Он не удостоил меня ответом. И как я могла вообразить, что он согласится!

На следующем уроке читали рассказ о том, как девочка Маша шла в школу: мимо клуба, вдоль речки, через мост…

– А ты, Валя, как ходишь в школу?

Валя ходила мимо леспромхоза, сворачивала около кино и сразу попадала к школьной двери.

– А ты, Степа?

Ивашкин вздрогнул. Он устал, ему надоело сидеть на шкафу, он не ждал вопроса. Приподняв голову и посмотрев на Андрея, он вяло ответил:

– Я всегда хожу прямо.

Урок продолжался, а я все глядела на этого мальчишку, который привык ходить прямо.

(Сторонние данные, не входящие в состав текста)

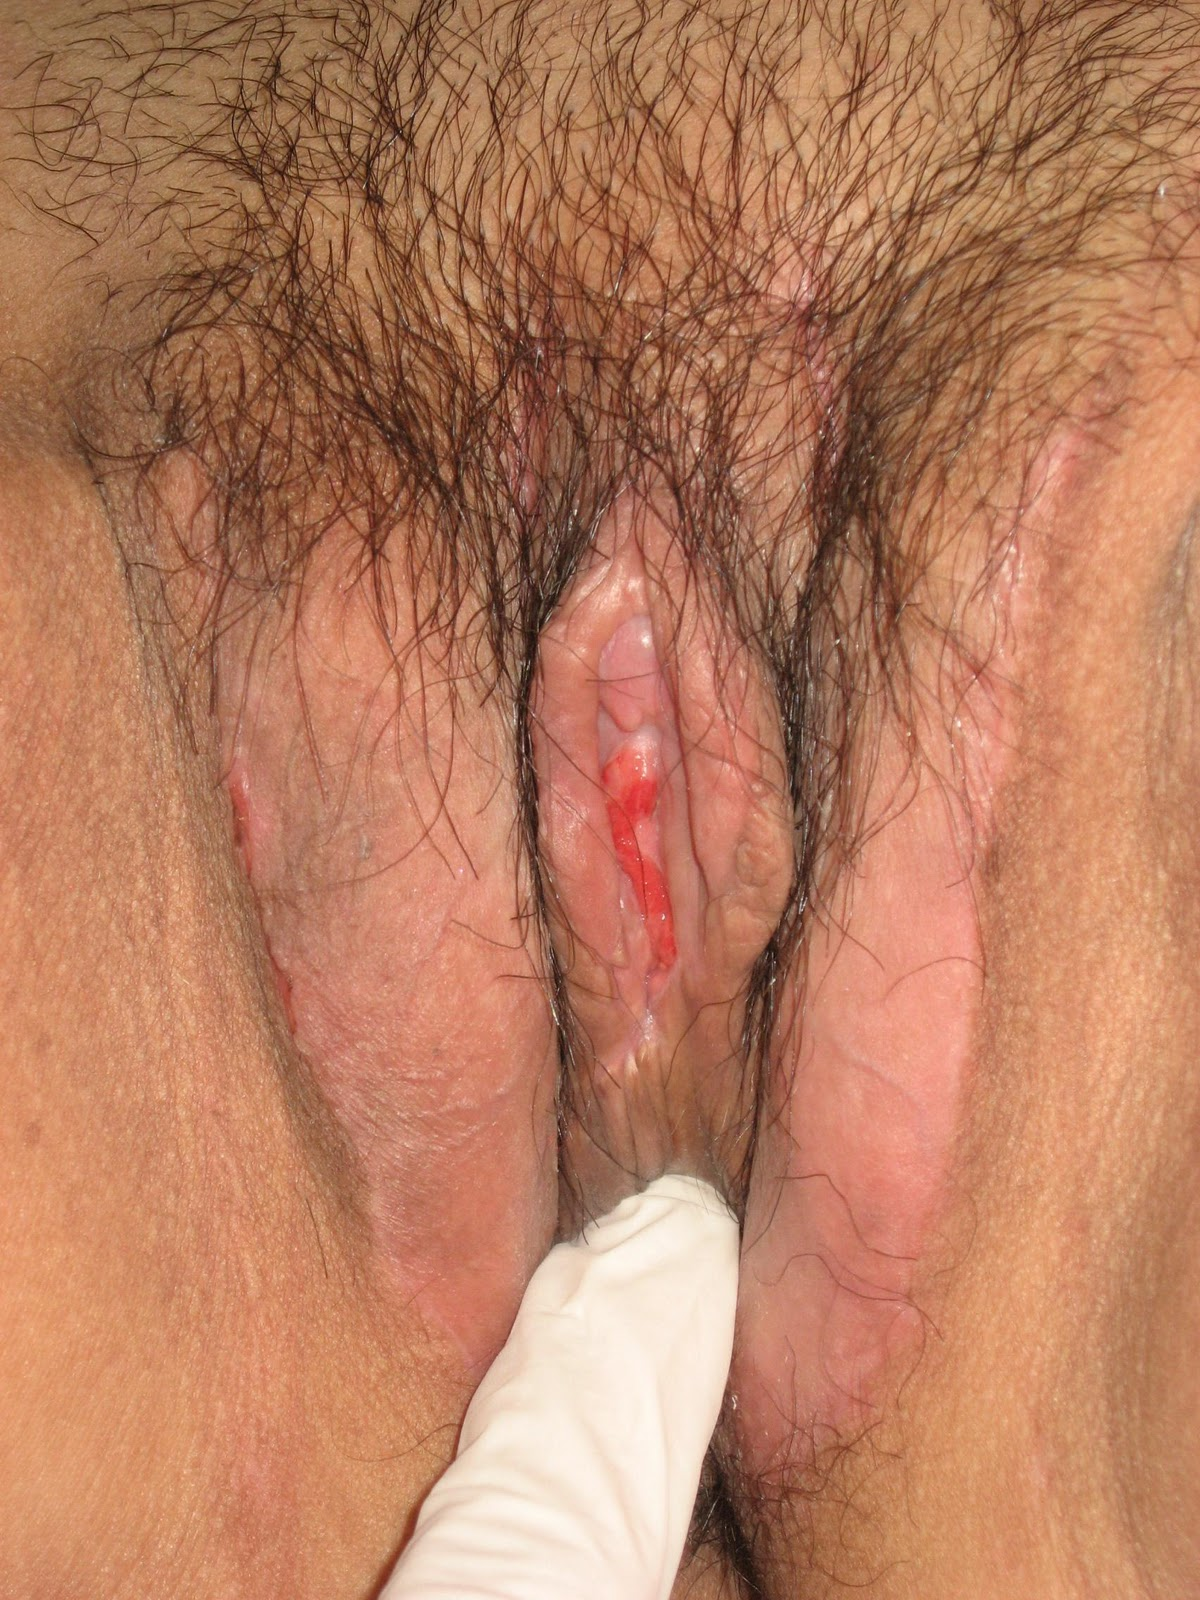 рот трансу транссексуалы изменение пола фото вагина трансы большими

Когда опять зазвенел звонок, Андрей повернулся к Ивашкину, протянул руку и сказал как ни в чем не бывало.

– Прыгай!

Поколебавшись долю секунды, Степа принял руку и, опершись на нее, легко спрыгнул со шкафа.

– А ему ничего за это не будет? – спросила дежурная Соня. – За то, что он на шкаф влез?

– Давай надерем ему уши, – ответил Андрей.

…Мы увиделись с ним только вечером, дома.

– Ты молодец, – сказала я, – ты здорово придумал – не обращать на него внимания.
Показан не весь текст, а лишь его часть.